Consolidated Net income was Ps. 1,330 million and Net income for shareholder was Ps. 969 million or Ps. 0.63 per share, in the 4Q2019, compared to a loss of Ps. 604 million and 1,093 million, respectively, or a loss of Ps. 0.72 per share, in the 4Q2018. In addition to the above-mentioned factors, net income was (i) negatively impacted by higher financial expenses that amounted to Ps. 2,306 million in the 4Q2019, compared to Ps. 836 million in the 4Q2018, mainly due to the interest accrued on a higher debt balance during the period, related to the loans obtained for the thermal and renewable energy expansion projects and the acquisition of the Brigadier López plant, and the foreign exchange difference on such loans, which are mostly denominated in US dollars, and (ii) positively impacted by higher financial income which amounted to Ps. 1,395 million during the 4Q2019, compared to Ps. 624 million in the 4Q2018, mainly due to the higher foreign exchange difference over US dollar denominated financial assets (which excludes FONI and other trade receivables).

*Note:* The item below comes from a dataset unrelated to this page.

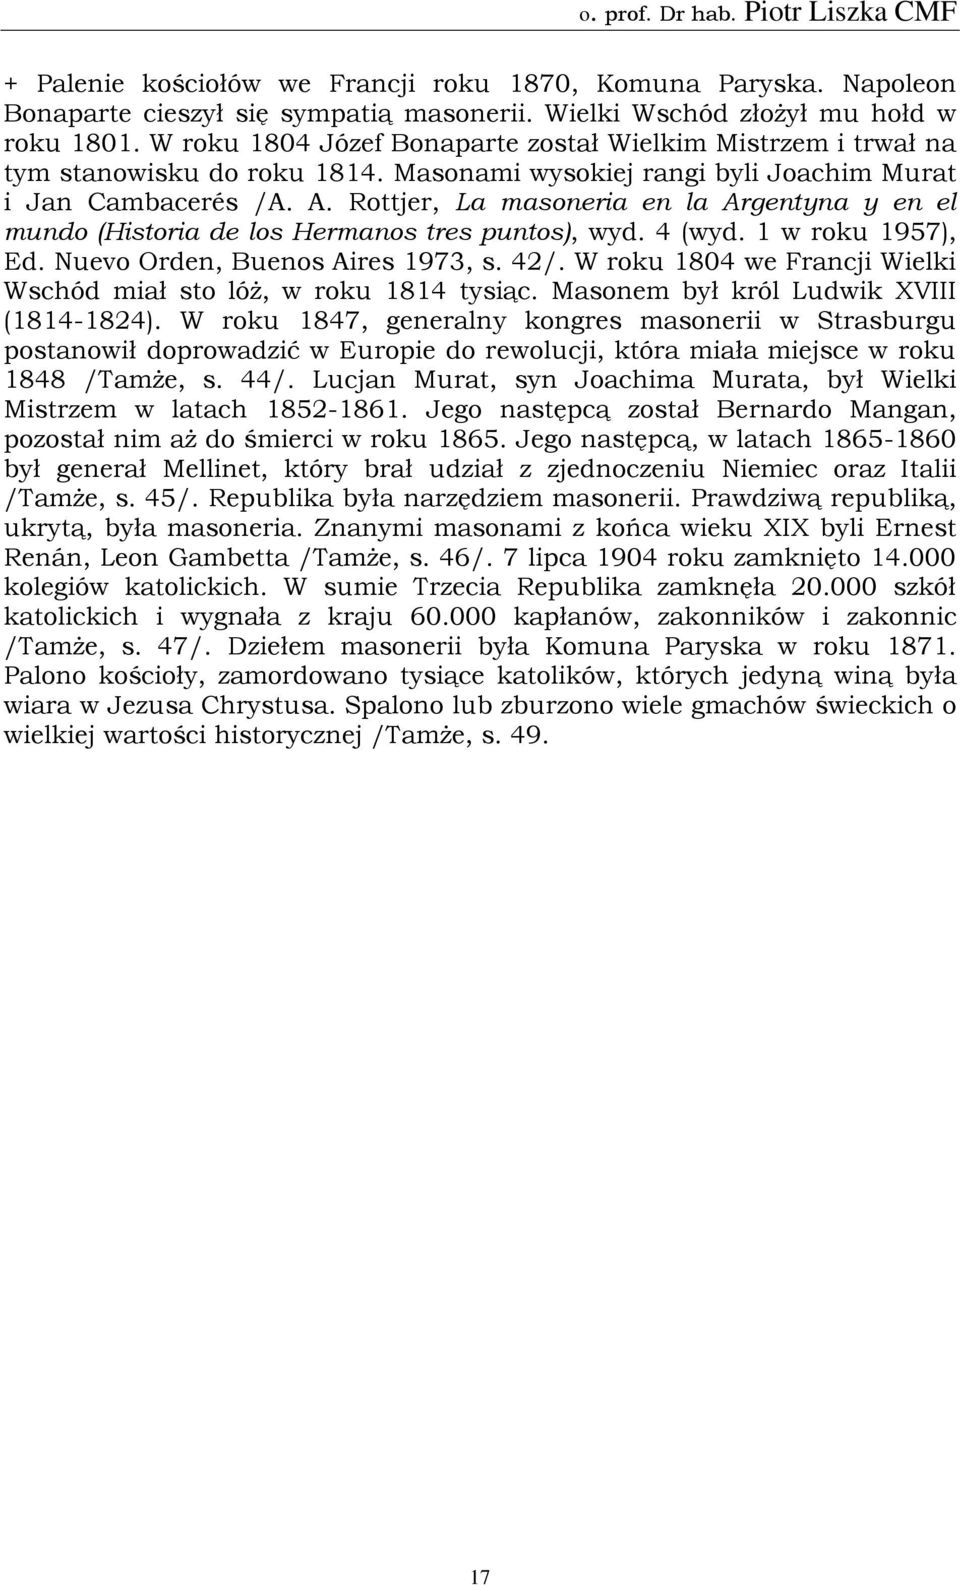 Rottjer, La masoneria en la Argentyna y en el mundo (Historia de los Hermanos tres puntos), wyd. 4 (wyd. 1 w roku 1957), Ed. Nuevo Orden, Buenos Aires 1973, s. 42/.

Additionally, the results from the share of profit of associates increased to Ps. 199 million in the 4Q2019, as compared to Ps. 134 million in the 4Q2018, mainly due to higher results from the operations of Ecogas.

Finally, the gain on net monetary position totaled Ps. 125 million during the 4Q2019, as compared to a loss on the net monetary position of Ps. 3,400 million in the 4Q2018.

FONI collections totaled Ps. 1,640 million in the 4Q2019, -including VAT- (approximately equivalent to US$ 27 million, at the exchange rate as of December 31, 2019), associated to the FONI trade receivables for San Martín, Manuel Belgrano, and Vuelta de Obligado Plants.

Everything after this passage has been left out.